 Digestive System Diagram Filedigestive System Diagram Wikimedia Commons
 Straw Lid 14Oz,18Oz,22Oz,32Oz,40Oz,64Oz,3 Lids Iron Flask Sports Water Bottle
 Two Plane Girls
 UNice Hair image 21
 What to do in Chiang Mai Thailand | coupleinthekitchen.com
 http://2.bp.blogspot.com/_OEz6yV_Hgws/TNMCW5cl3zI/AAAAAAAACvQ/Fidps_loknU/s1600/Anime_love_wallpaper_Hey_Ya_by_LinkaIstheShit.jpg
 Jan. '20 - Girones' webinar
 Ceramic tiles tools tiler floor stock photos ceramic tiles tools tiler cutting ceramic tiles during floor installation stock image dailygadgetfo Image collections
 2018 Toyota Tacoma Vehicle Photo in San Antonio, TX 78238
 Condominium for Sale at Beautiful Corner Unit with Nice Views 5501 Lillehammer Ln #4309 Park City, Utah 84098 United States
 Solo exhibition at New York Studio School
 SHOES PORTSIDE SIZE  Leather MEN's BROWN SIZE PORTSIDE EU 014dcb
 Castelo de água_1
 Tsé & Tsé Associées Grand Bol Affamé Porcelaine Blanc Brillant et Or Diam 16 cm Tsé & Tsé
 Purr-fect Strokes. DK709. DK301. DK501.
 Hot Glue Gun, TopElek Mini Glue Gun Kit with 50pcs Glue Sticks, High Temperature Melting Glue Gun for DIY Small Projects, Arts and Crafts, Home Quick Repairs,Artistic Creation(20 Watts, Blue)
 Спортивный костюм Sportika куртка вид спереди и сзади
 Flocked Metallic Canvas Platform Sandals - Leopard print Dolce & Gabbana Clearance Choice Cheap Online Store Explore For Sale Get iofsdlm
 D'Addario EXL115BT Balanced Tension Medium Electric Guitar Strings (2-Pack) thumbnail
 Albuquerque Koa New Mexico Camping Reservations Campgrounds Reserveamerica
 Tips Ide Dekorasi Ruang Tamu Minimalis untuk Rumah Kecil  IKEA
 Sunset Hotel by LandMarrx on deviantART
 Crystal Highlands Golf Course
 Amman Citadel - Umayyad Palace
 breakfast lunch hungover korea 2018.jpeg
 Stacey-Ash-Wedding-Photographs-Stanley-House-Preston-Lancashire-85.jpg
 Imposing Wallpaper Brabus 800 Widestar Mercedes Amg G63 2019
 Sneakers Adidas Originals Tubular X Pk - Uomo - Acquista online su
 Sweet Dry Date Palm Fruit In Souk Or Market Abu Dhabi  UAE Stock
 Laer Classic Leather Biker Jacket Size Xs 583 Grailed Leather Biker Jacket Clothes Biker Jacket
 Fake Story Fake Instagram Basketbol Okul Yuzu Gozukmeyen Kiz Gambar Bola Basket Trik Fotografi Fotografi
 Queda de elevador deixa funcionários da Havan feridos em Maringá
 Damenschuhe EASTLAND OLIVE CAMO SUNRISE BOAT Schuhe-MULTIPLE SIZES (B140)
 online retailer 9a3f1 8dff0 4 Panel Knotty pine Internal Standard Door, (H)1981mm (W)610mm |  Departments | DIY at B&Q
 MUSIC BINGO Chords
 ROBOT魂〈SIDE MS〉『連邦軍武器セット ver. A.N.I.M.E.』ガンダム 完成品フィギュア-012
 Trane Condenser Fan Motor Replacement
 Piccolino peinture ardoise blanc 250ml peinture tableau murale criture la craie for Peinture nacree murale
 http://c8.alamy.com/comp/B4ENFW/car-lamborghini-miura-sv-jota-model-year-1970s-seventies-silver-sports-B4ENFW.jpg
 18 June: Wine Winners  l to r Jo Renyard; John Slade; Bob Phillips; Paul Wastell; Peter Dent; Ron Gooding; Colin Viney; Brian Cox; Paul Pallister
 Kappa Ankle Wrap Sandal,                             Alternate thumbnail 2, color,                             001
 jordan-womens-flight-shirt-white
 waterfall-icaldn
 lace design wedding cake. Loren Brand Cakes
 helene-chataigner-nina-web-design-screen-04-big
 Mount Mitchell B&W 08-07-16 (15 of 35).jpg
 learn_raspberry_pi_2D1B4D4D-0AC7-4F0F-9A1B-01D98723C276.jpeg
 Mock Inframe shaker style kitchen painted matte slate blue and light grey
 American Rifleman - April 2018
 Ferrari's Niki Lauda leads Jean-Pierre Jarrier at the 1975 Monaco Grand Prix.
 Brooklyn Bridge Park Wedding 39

* * * * * * * * *

Give back the material in full, word for word.

 Digestive System Diagram Filedigestive System Diagram Wikimedia Commons
 Straw Lid 14Oz,18Oz,22Oz,32Oz,40Oz,64Oz,3 Lids Iron Flask Sports Water Bottle
 Two Plane Girls
 UNice Hair image 21
 What to do in Chiang Mai Thailand | coupleinthekitchen.com
 http://2.bp.blogspot.com/_OEz6yV_Hgws/TNMCW5cl3zI/AAAAAAAACvQ/Fidps_loknU/s1600/Anime_love_wallpaper_Hey_Ya_by_LinkaIstheShit.jpg
 Jan. '20 - Girones' webinar
 Ceramic tiles tools tiler floor stock photos ceramic tiles tools tiler cutting ceramic tiles during floor installation stock image dailygadgetfo Image collections
 2018 Toyota Tacoma Vehicle Photo in San Antonio, TX 78238
 Condominium for Sale at Beautiful Corner Unit with Nice Views 5501 Lillehammer Ln #4309 Park City, Utah 84098 United States
 Solo exhibition at New York Studio School
 SHOES PORTSIDE SIZE  Leather MEN's BROWN SIZE PORTSIDE EU 014dcb
 Castelo de água_1
 Tsé & Tsé Associées Grand Bol Affamé Porcelaine Blanc Brillant et Or Diam 16 cm Tsé & Tsé
 Purr-fect Strokes. DK709. DK301. DK501.
 Hot Glue Gun, TopElek Mini Glue Gun Kit with 50pcs Glue Sticks, High Temperature Melting Glue Gun for DIY Small Projects, Arts and Crafts, Home Quick Repairs,Artistic Creation(20 Watts, Blue)
 Спортивный костюм Sportika куртка вид спереди и сзади
 Flocked Metallic Canvas Platform Sandals - Leopard print Dolce & Gabbana Clearance Choice Cheap Online Store Explore For Sale Get iofsdlm
 D'Addario EXL115BT Balanced Tension Medium Electric Guitar Strings (2-Pack) thumbnail
 Albuquerque Koa New Mexico Camping Reservations Campgrounds Reserveamerica
 Tips Ide Dekorasi Ruang Tamu Minimalis untuk Rumah Kecil  IKEA
 Sunset Hotel by LandMarrx on deviantART
 Crystal Highlands Golf Course
 Amman Citadel - Umayyad Palace
 breakfast lunch hungover korea 2018.jpeg
 Stacey-Ash-Wedding-Photographs-Stanley-House-Preston-Lancashire-85.jpg
 Imposing Wallpaper Brabus 800 Widestar Mercedes Amg G63 2019
 Sneakers Adidas Originals Tubular X Pk - Uomo - Acquista online su
 Sweet Dry Date Palm Fruit In Souk Or Market Abu Dhabi  UAE Stock
 Laer Classic Leather Biker Jacket Size Xs 583 Grailed Leather Biker Jacket Clothes Biker Jacket
 Fake Story Fake Instagram Basketbol Okul Yuzu Gozukmeyen Kiz Gambar Bola Basket Trik Fotografi Fotografi
 Queda de elevador deixa funcionários da Havan feridos em Maringá
 Damenschuhe EASTLAND OLIVE CAMO SUNRISE BOAT Schuhe-MULTIPLE SIZES (B140)
 online retailer 9a3f1 8dff0 4 Panel Knotty pine Internal Standard Door, (H)1981mm (W)610mm |  Departments | DIY at B&Q
 MUSIC BINGO Chords
 ROBOT魂〈SIDE MS〉『連邦軍武器セット ver. A.N.I.M.E.』ガンダム 完成品フィギュア-012
 Trane Condenser Fan Motor Replacement
 Piccolino peinture ardoise blanc 250ml peinture tableau murale criture la craie for Peinture nacree murale
 http://c8.alamy.com/comp/B4ENFW/car-lamborghini-miura-sv-jota-model-year-1970s-seventies-silver-sports-B4ENFW.jpg
 18 June: Wine Winners  l to r Jo Renyard; John Slade; Bob Phillips; Paul Wastell; Peter Dent; Ron Gooding; Colin Viney; Brian Cox; Paul Pallister
 Kappa Ankle Wrap Sandal,                             Alternate thumbnail 2, color,                             001
 jordan-womens-flight-shirt-white
 waterfall-icaldn
 lace design wedding cake. Loren Brand Cakes
 helene-chataigner-nina-web-design-screen-04-big
 Mount Mitchell B&W 08-07-16 (15 of 35).jpg
 learn_raspberry_pi_2D1B4D4D-0AC7-4F0F-9A1B-01D98723C276.jpeg
 Mock Inframe shaker style kitchen painted matte slate blue and light grey
 American Rifleman - April 2018
 Ferrari's Niki Lauda leads Jean-Pierre Jarrier at the 1975 Monaco Grand Prix.
 Brooklyn Bridge Park Wedding 39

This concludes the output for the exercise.